Many of the saints, like St Patrick, whom we celebrate today, have geographical responsibilities and have been allocated a country, a district or a town over which to act as patron. Others have been assigned duties on vocational lines, being required to look after the needs of a profession.
Thus, for example, accountants look to St Matthew for any guidance they may need. St Luke is responsible for those engaged in medicine, and Thomas More looks after solicitors and barristers.
These appointments are well known. There are others that make sense as soon as you begin to think about them: St George and Joan of Arc have joint responsibility for military matters, and St Gabriel is the expert in communications and has been allocated radio, telephone and postal services.
And there are other instances with no obvious explanation, like St Clare's responsibility for television, St John Bosco's portfolio of newspaper editors, and a saint by the name of Ferdinand III who is responsible for engineers.
No list I have been able to consult, however, has a patron saint of weather people, but a likely candidate emerged some years ago.
Back in the 1920s, a notion became widespread in Britain that the existing vagaries of the date of Easter were ill founded and highly inconvenient. A Bill was introduced in parliament to establish a fixed time for the festival: it was to be the first Sunday after the second Saturday in April, which meant that it would always fall between April 9th and April 15th.
But then came controversy. Some 60 years before, a Scottish meteorologist, Alexander Buchan, believed that certain periods of the year were colder than they ought to be and that other spells were warm. His allegedly warm periods were July 12th to July 15th; August 12th to August 15th; and December 3rd to December 14th. The six cold spells were February 7th-14th; April 10th-14th; May 9th-14th; June 29th to July 4th; August 6th-11th; and November 6th-13th.

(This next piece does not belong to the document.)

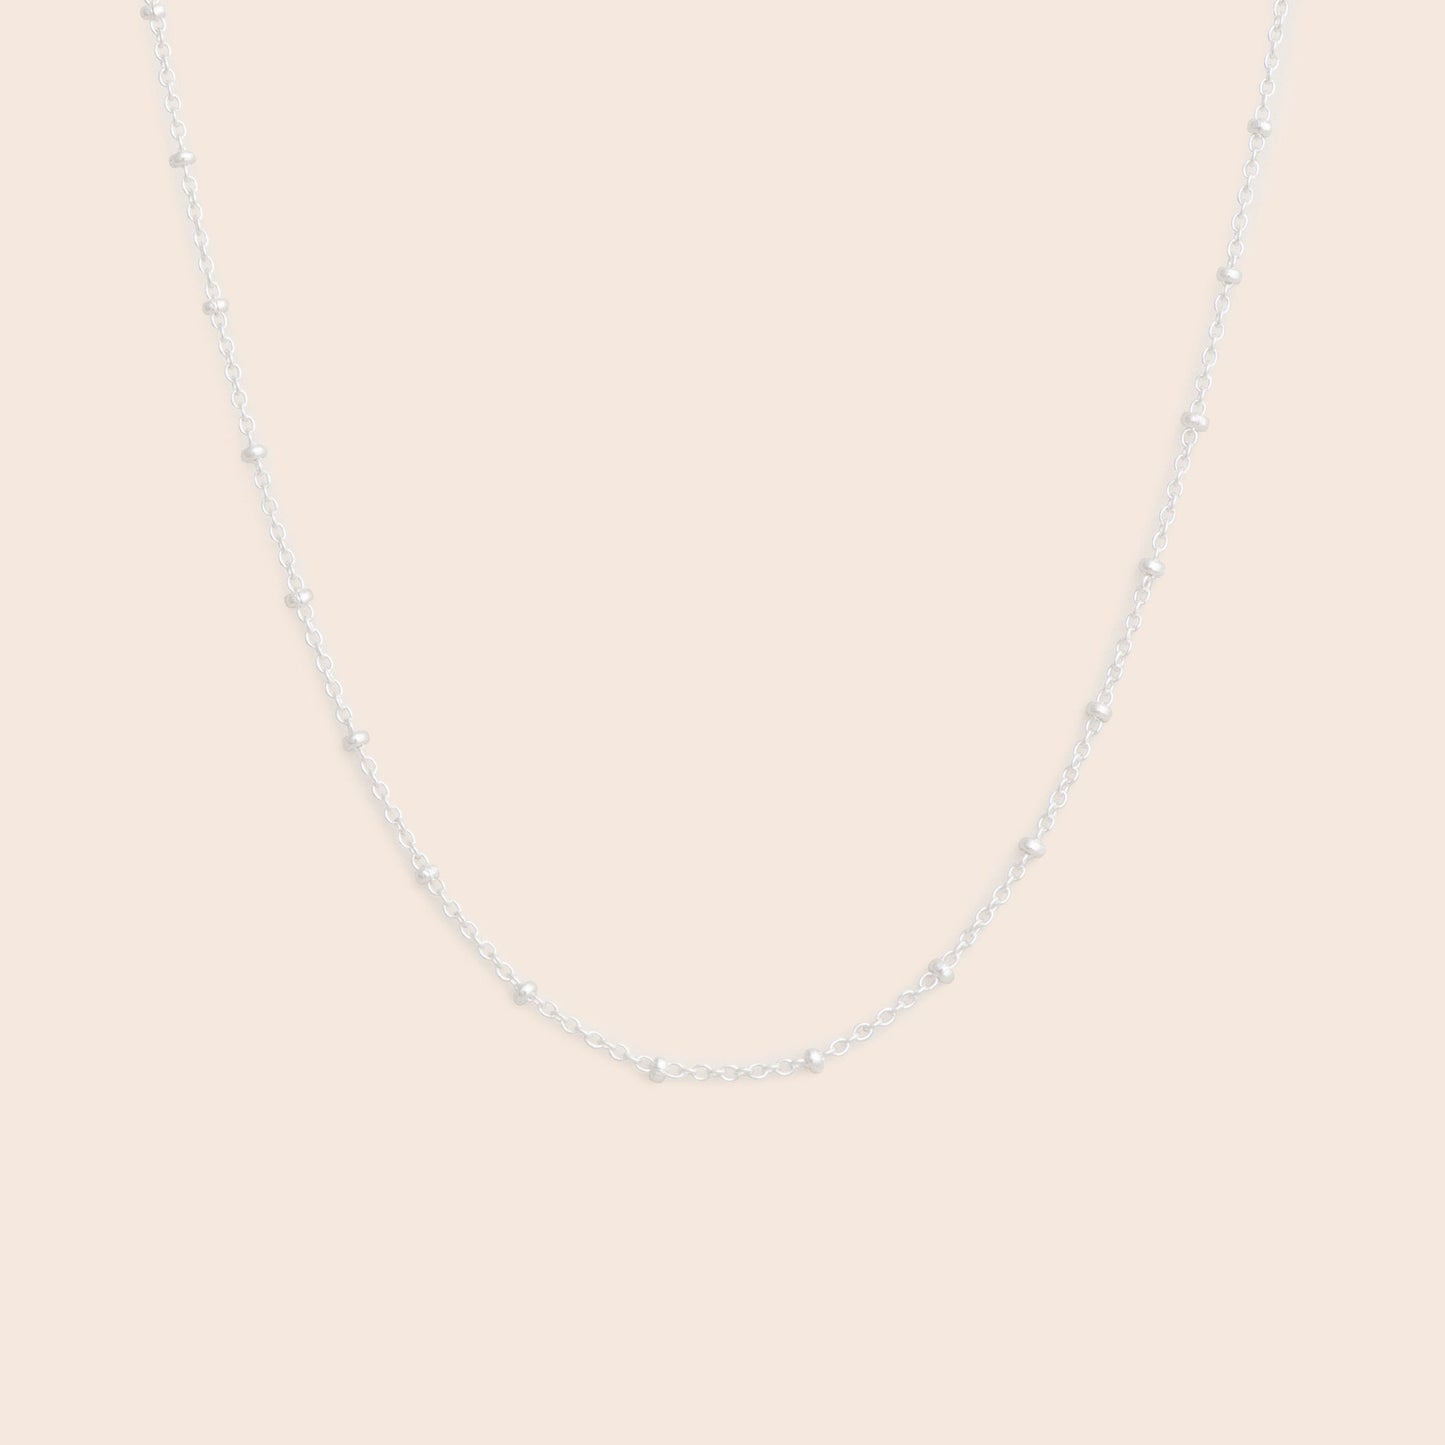 Silver Satellite Chain Necklace - Gemlet

Someone spotted that the fixed Easter would coincide closely with Buchan's second cold spell; and as luck would have it, the cold spells came along precisely on schedule and with more than usual vehemence in the period during which this famous controversy raged. The Easter Act of 1928 eventually reached the statute books but remains unimplemented to this day.
All this made the late Mr Buchan very famous, more than he had ever been throughout his life. His predictive powers were eulogised in letters to the press, and one enthusiastic scribe was moved to suggest that the deceased scientist should be canonised forthwith and made the patron saint of meteorology.